- **Data**

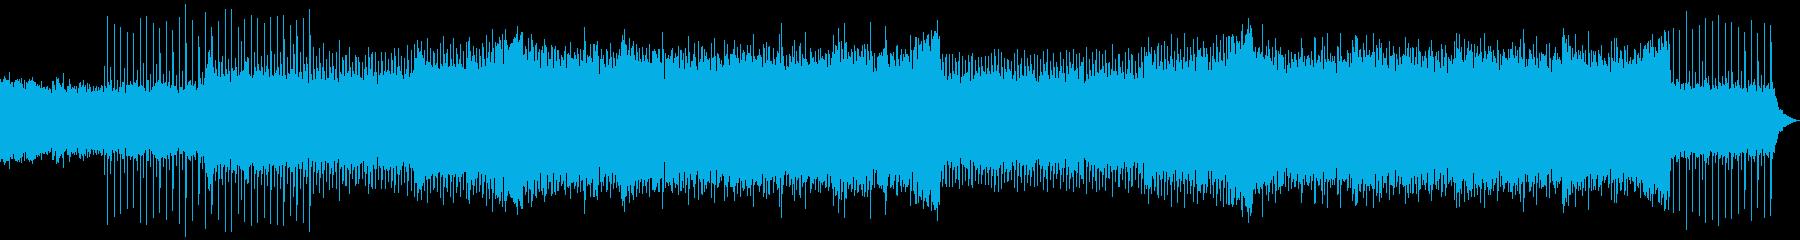 爽やか・疾走感・EDM・CMの再生済みの波形
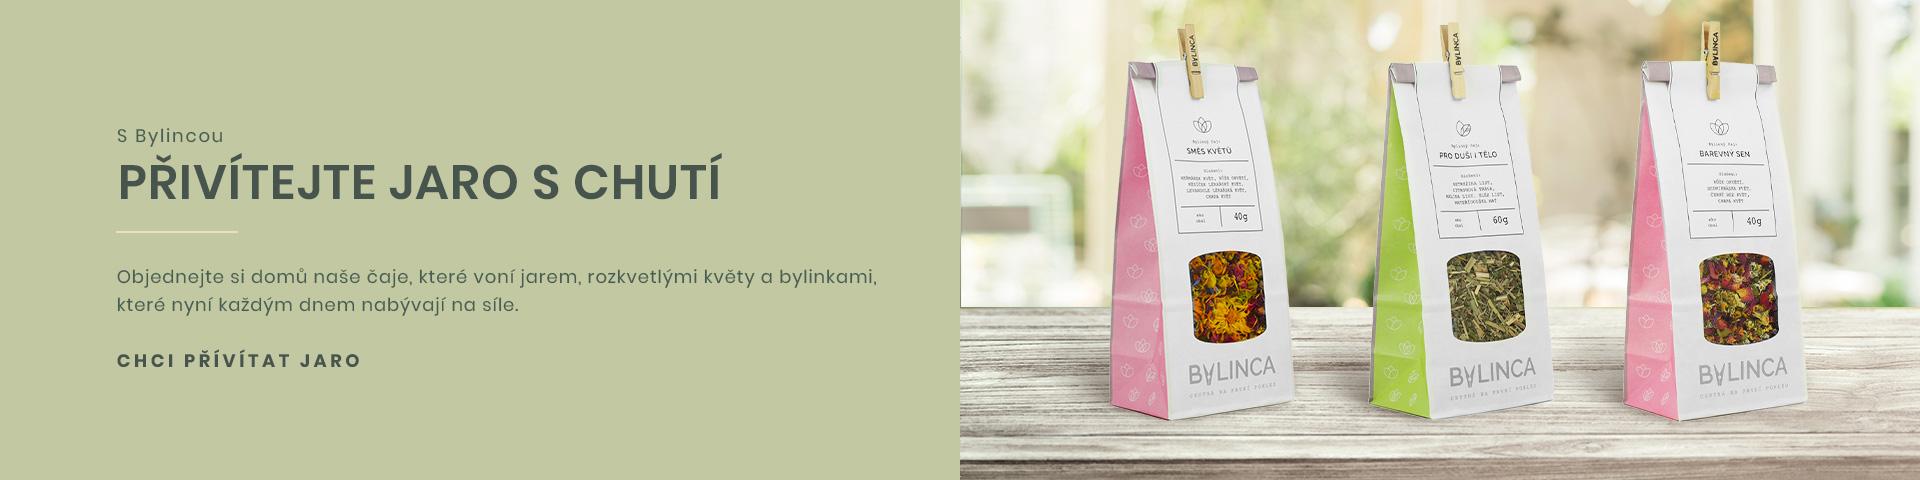 Přivítejte jaro s chutí bylinkových čajů a dalších produktů BYLINCA
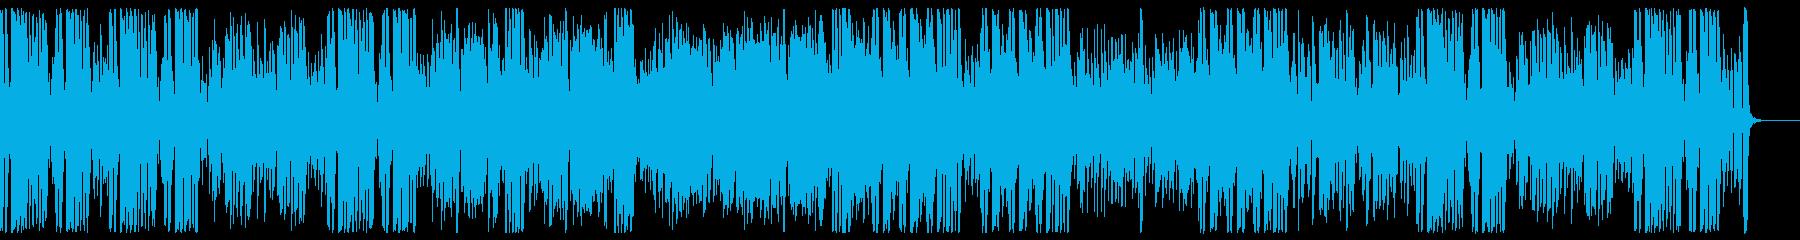 豪華・疾走感・明るい ビッグバンドジャズの再生済みの波形

- **Task statement**
Exact reproduction is required for the lines from the one containing "Přivítejte jaro s" through the end of the material, and for those lines only, without pictures.

- **Output below**
 Přivítejte jaro s chutí bylinkových čajů a dalších produktů BYLINCA
 豪華・疾走感・明るい ビッグバンドジャズの再生済みの波形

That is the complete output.